- _What needs to be done_: Keep the images out while you set down the data exactly.

- _Material provided_:
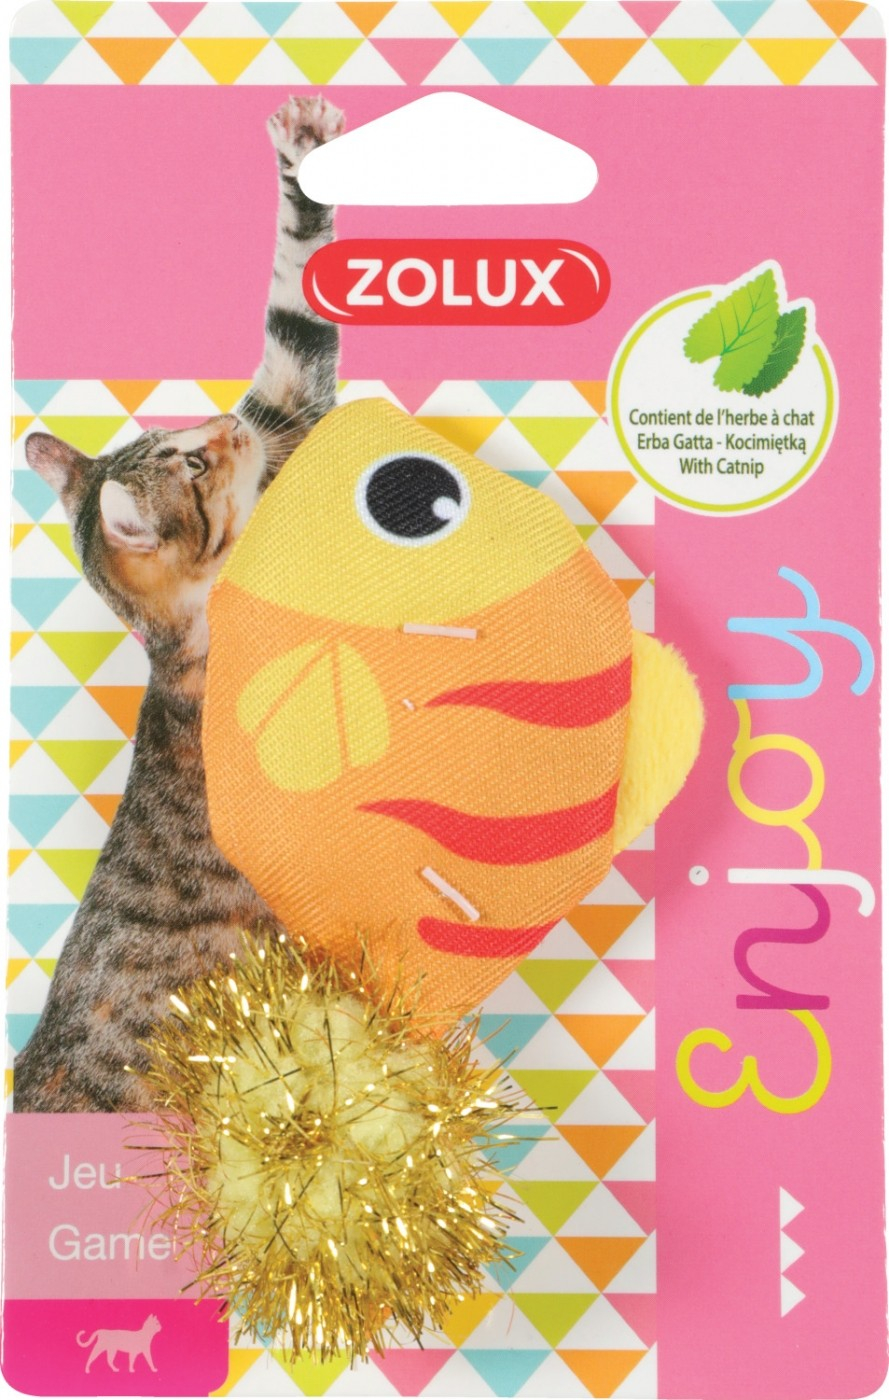 Zolux Brinquedo para gato adorável com Catnip - Peixe
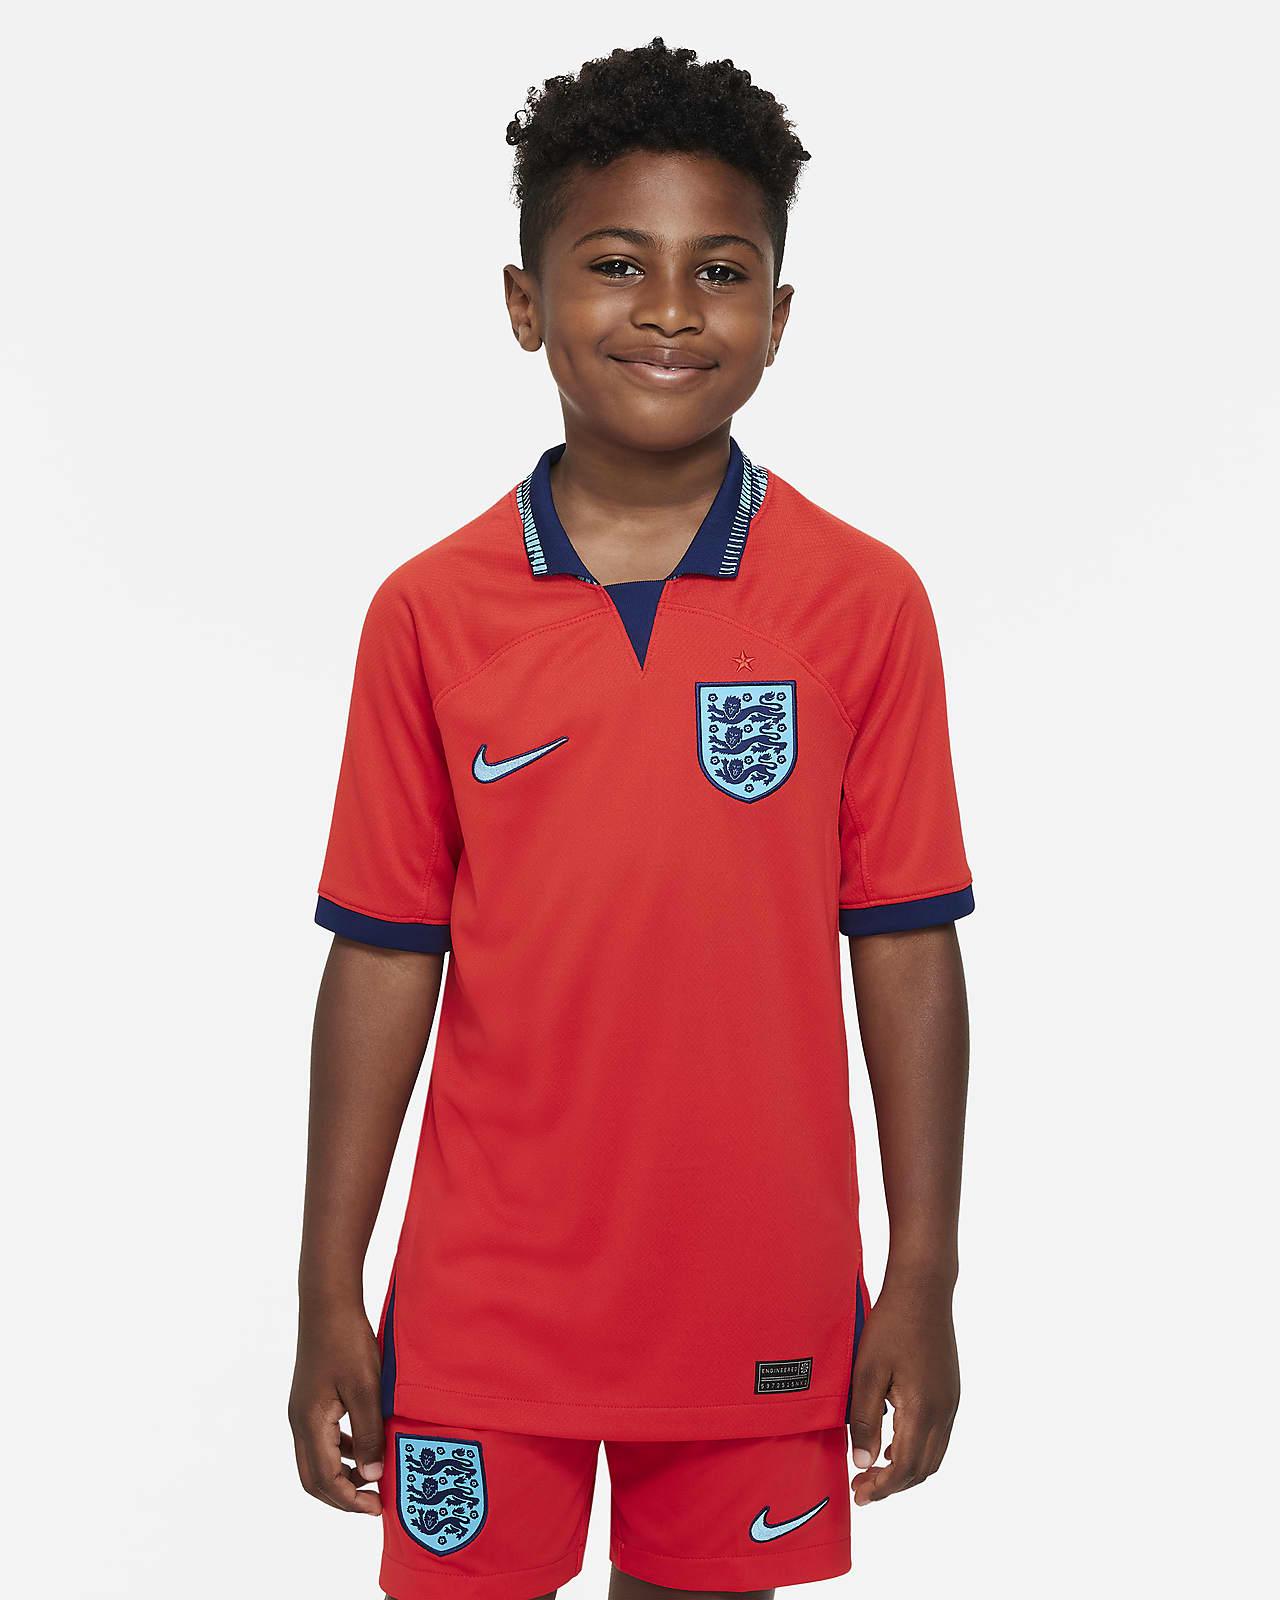 Ποδοσφαιρική φανέλα Nike Dri-FIT εκτός έδρας Αγγλία 2022/23 Stadium γιαα μεγάλα παιδιά
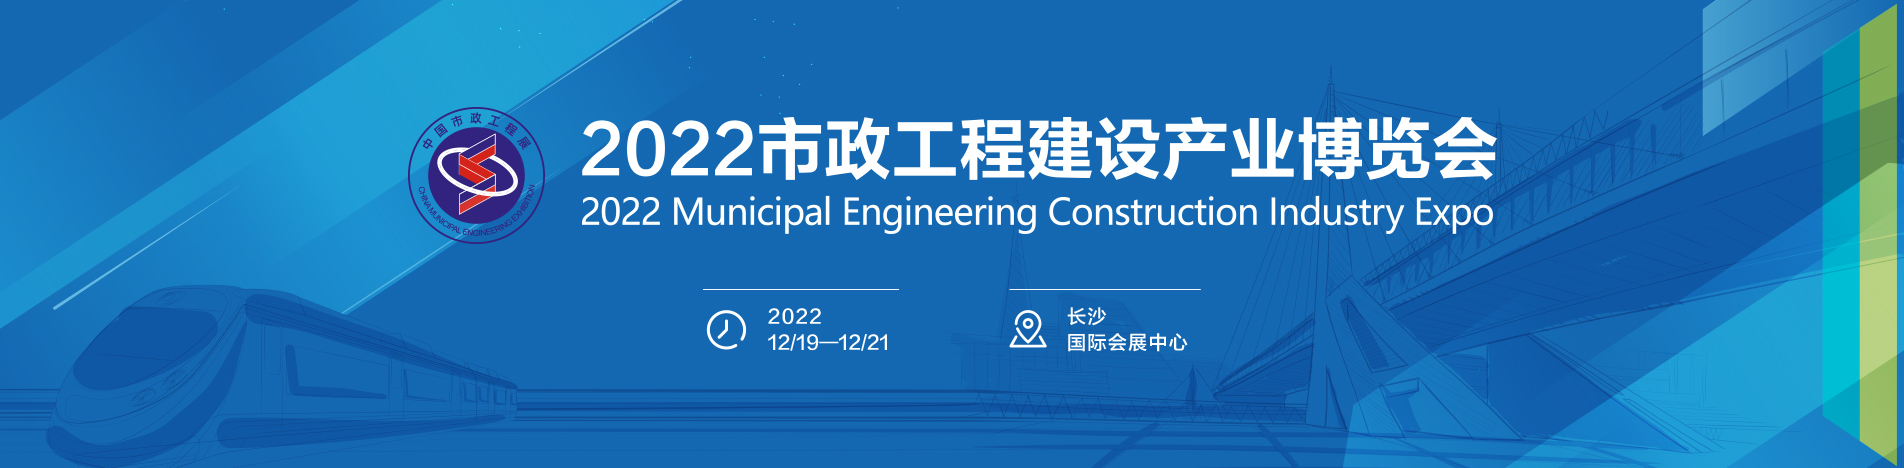 2023中国环卫装备与市政工程展览会-迈进环卫发展新征程 科技引领共创城市管家新篇章

- _Task solution_:
 Zolux Brinquedo para gato adorável com Catnip - Peixe
 Ποδοσφαιρική φανέλα Nike Dri-FIT εκτός έδρας Αγγλία 2022/23 Stadium γιαα μεγάλα παιδιά
 2023中国环卫装备与市政工程展览会-迈进环卫发展新征程 科技引领共创城市管家新篇章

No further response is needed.